Information and discussion on all aspects of British photographic history
The National Trust has released an Interim Report on the Connections between Colonialism and Properties now in the Care of the National Trust, Including Links with Historic Slavery which surveys its properties and highlights links between the property, past owners and slavery and colonialism. Lacock Abbey, one of photography's most important historical sites, is included.
The report notes:
Lacock Abbey, Wiltshire
John Rock Grosett MP (c.1784–1866) was a plantation owner who leased Lacock Abbey during the 1820s. He was the son of Schaw Grosett (1741–1820), a merchant of Clifton, Bristol, and Mary Rock (1755–1807). John Rock Grosett married his cousin, Mary Spencer Shirley (1784–1820), and through his father, mother and wife received a combined inheritance of at least three Jamaican estates: Chepstow Pen and Spring Gardens Estate in St George, and Petersfield in St Thomas-inthe East. In 1822, he joined the Standing Committee of The London Society of West India Planters and Merchants and supported planters’ interests in Parliament.

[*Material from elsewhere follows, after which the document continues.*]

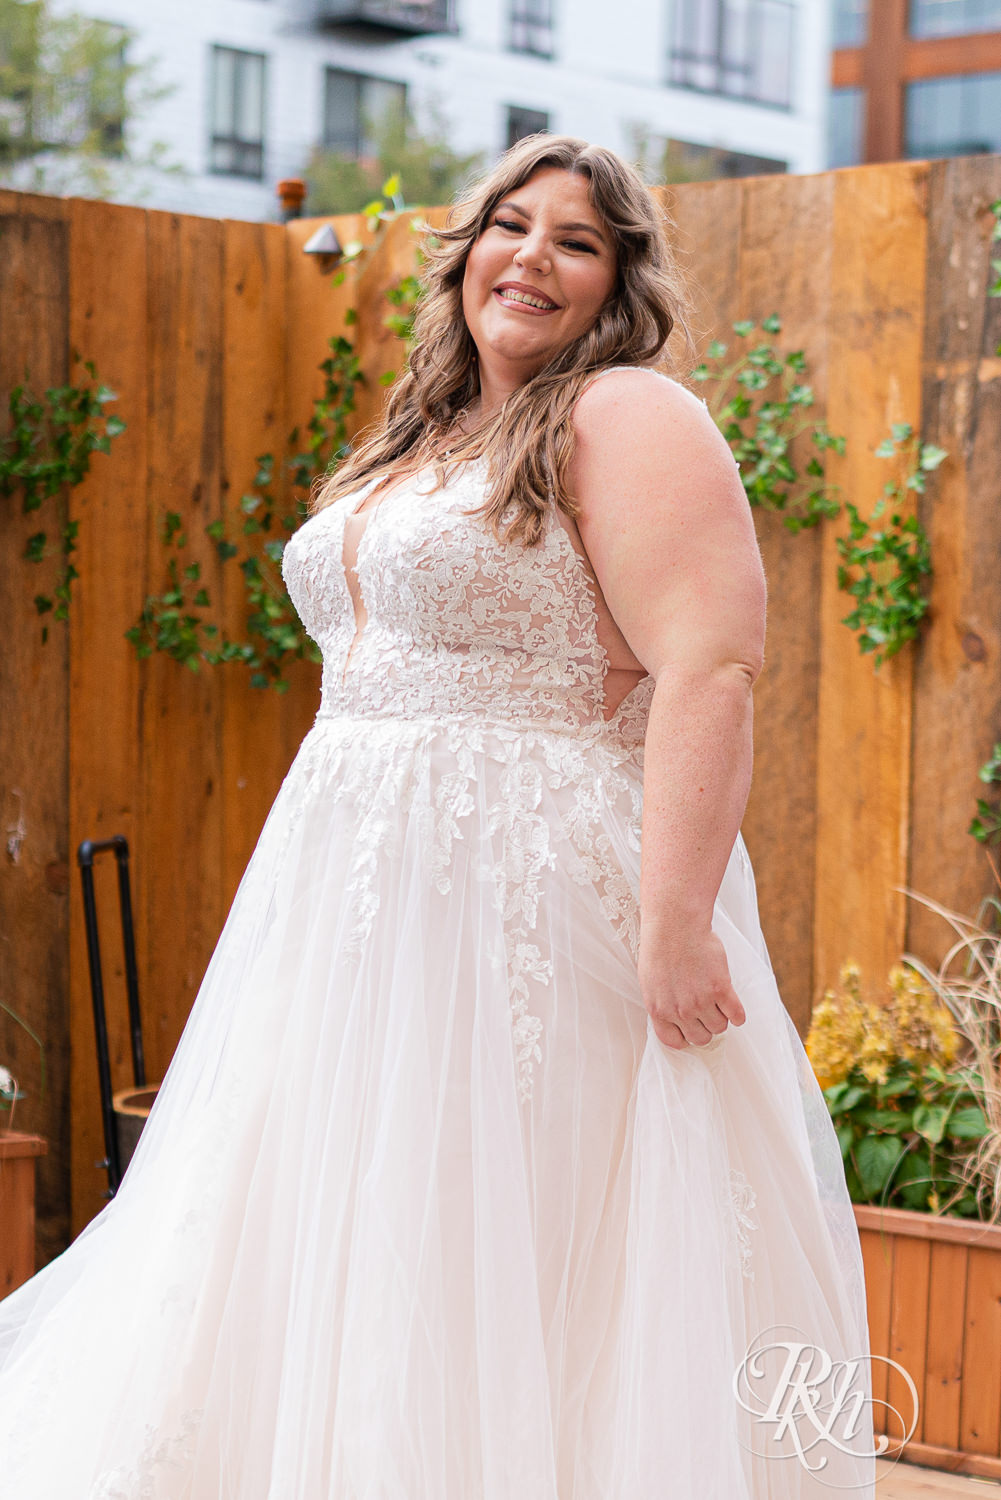 Plus size bride dancing in wedding dress in Minneapolis, Minnesota.

By 1831, Grosett had left Lacock to live in Jamaica, elected to the Assembly that year. In 1834, he and his lawyer received compensation totalling £16,143 1s. 9d. for 916 enslaved people.
H J P Arnold notes in his biography of William Henry Fox Talbot (p. 45-46) that Grosset surrendered the lease to Lacock Abbey in 1827 and it was made ready for a partial reoccupation by Talbot and the Fieldings, including Talbot's mother, Lady Elizabeth, and his sisters. Lacock itself is unlikely to have benefited directly from Grosset's occupation and there is no suggestion that Henry Talbot or his immediate family profited from slavery or colonialism, other than from Grosset's rental income.